> **What the exercise asks**
Reproduce exactly the lines below from the one containing "הפיראטים - ראיון ברדיו ירושלים - 7.12.2012" through the one containing "Beaver Mountain Log", including both, and nothing else.

> **Given records**
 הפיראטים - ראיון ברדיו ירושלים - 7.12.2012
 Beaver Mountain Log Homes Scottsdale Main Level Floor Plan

==

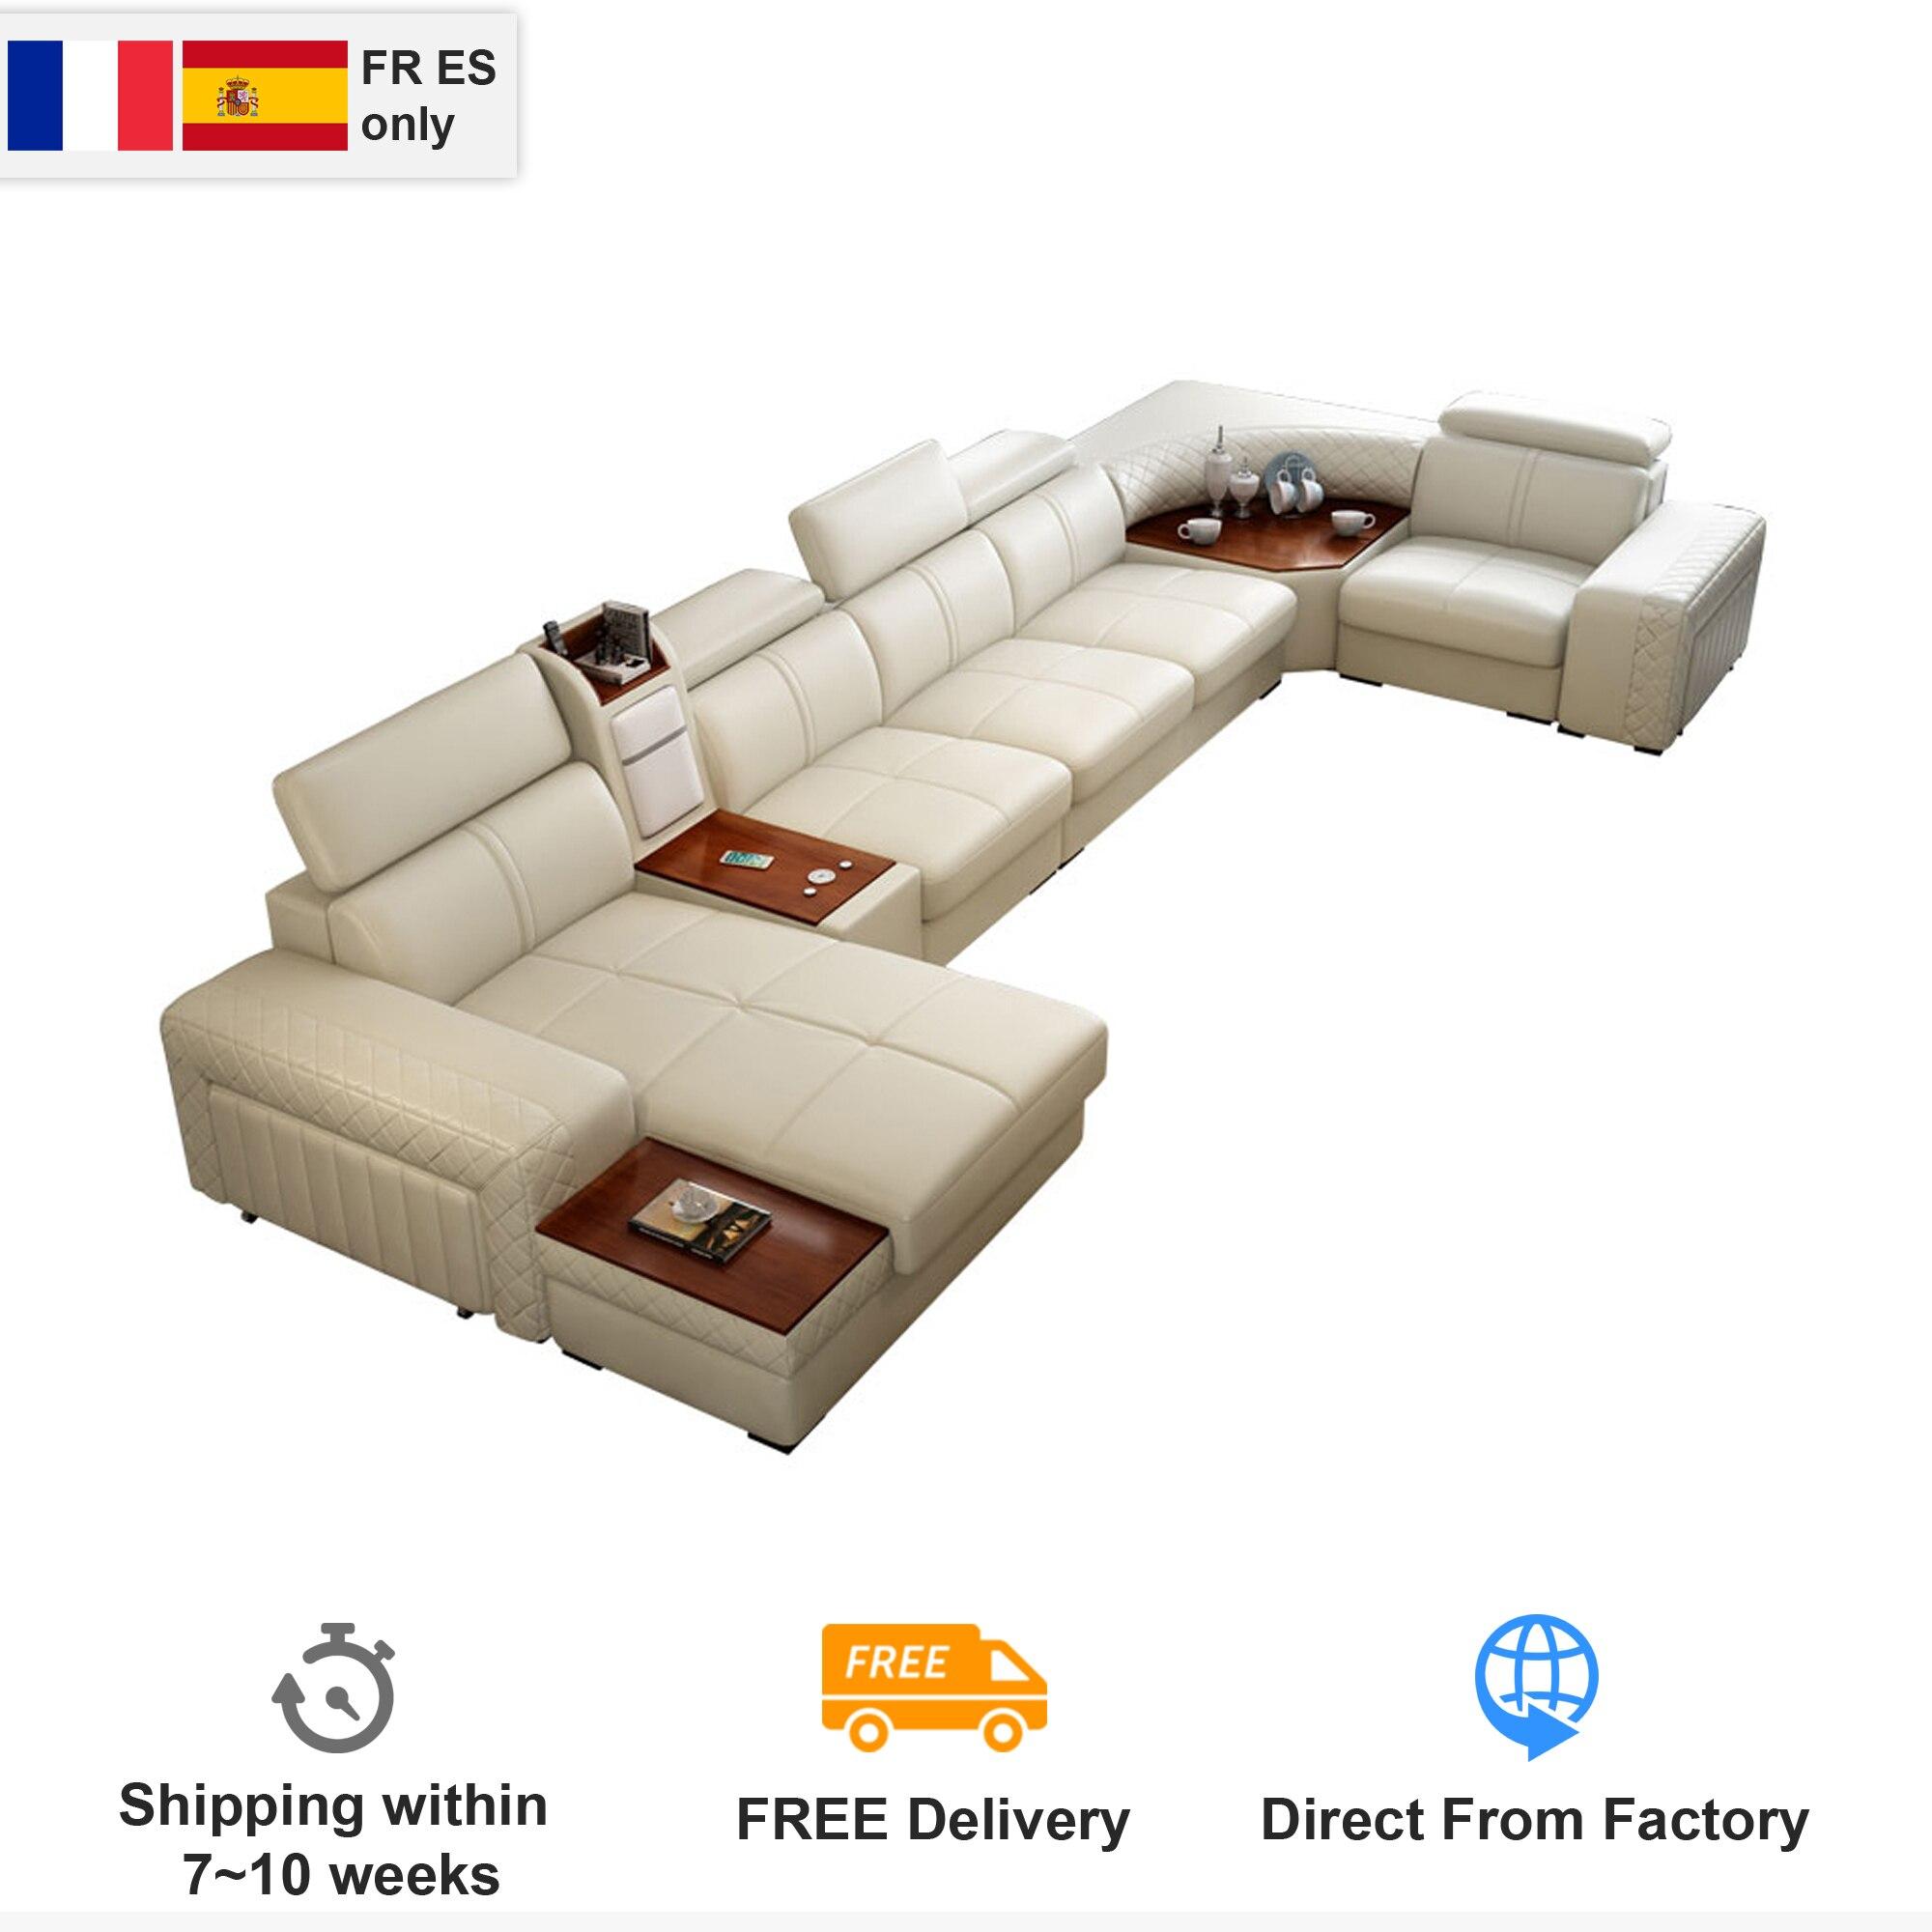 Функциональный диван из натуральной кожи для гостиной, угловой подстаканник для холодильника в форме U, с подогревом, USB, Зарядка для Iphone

> **Task result**
 הפיראטים - ראיון ברדיו ירושלים - 7.12.2012
 Beaver Mountain Log Homes Scottsdale Main Level Floor Plan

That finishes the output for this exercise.